Thus, the equation of the curve is:

\(y = \frac{1}{2}(3x-5)^4 - \frac{1}{2}x^3\)

To find the equation of the curve, we need to integrate the derivative \(\frac{dy}{dx} = \frac{3}{x^4} + 32x^3\).

Integrating \(\frac{3}{x^4}\) gives \(-\frac{1}{x^3}\).

Integrating \(32x^3\) gives \(8x^4\).

Thus, the general solution is \(y = -\frac{1}{x^3} + 8x^4 + c\).

We use the point \(\left( \frac{1}{2}, 4 \right)\) to find \(c\).

Substitute \(x = \frac{1}{2}\) and \(y = 4\) into the equation:

\(4 = -\frac{1}{(\frac{1}{2})^3} + 8(\frac{1}{2})^4 + c\)

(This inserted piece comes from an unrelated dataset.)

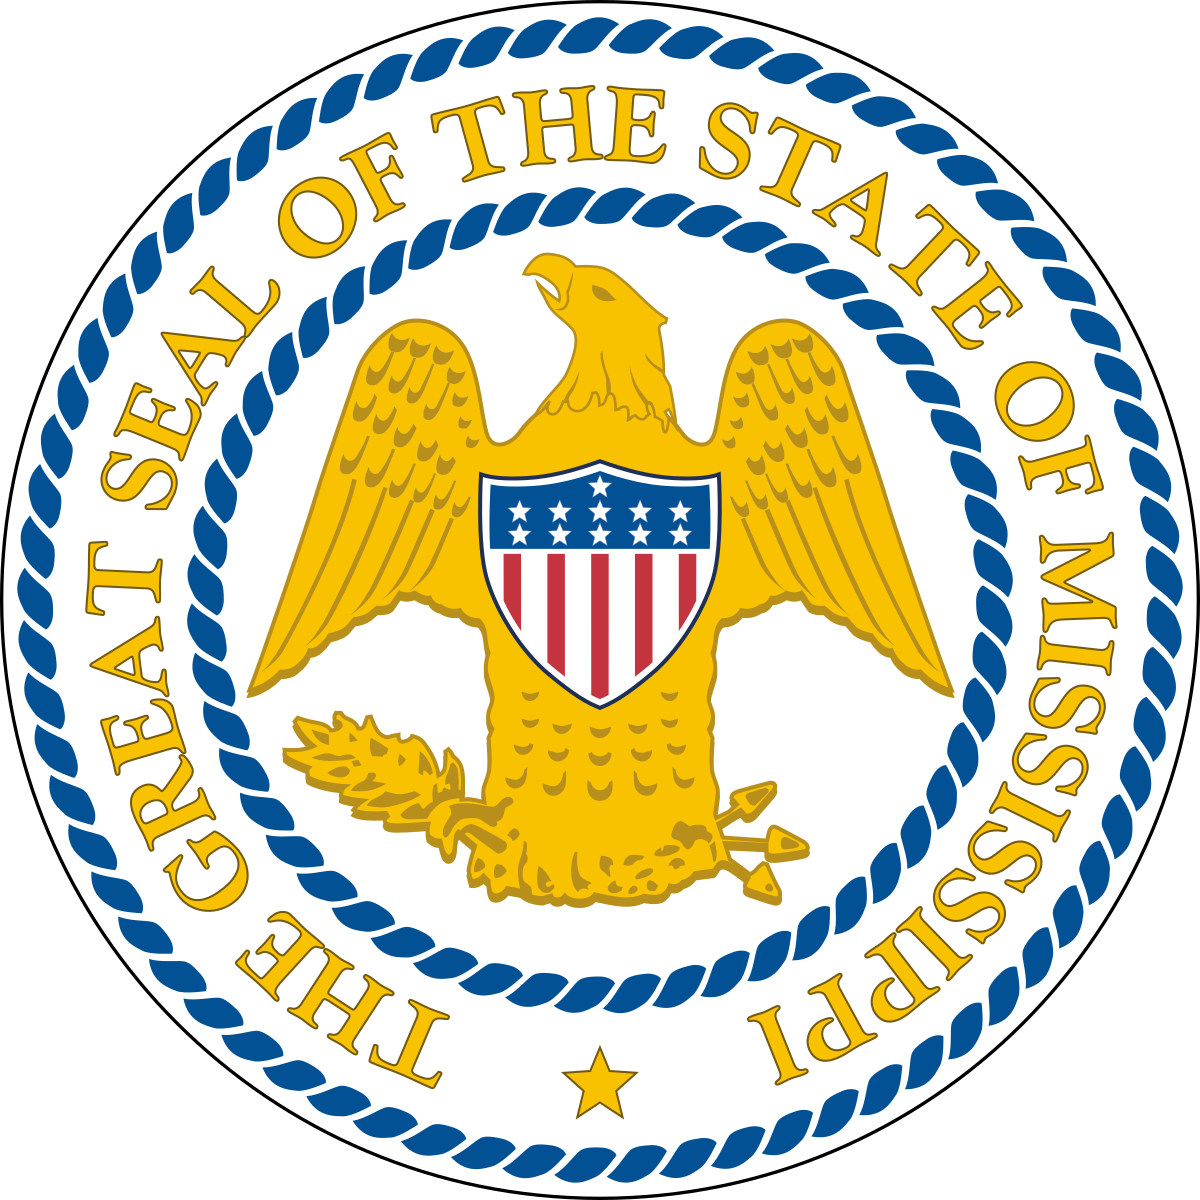 Mississippi state seal

\(4 = -8 + \frac{1}{2} + c\)

\(4 = -8 + 0.5 + c\)

\(4 = -7.5 + c\)

\(c = 4 + 7.5 = 11.5\)

Therefore, the equation of the curve is \(y = -\frac{1}{x^3} + 8x^4 + \frac{23}{2}\).

To find the equation of the curve, we need to integrate \(\frac{dy}{dx} = \frac{6}{(3x - 2)^3}\).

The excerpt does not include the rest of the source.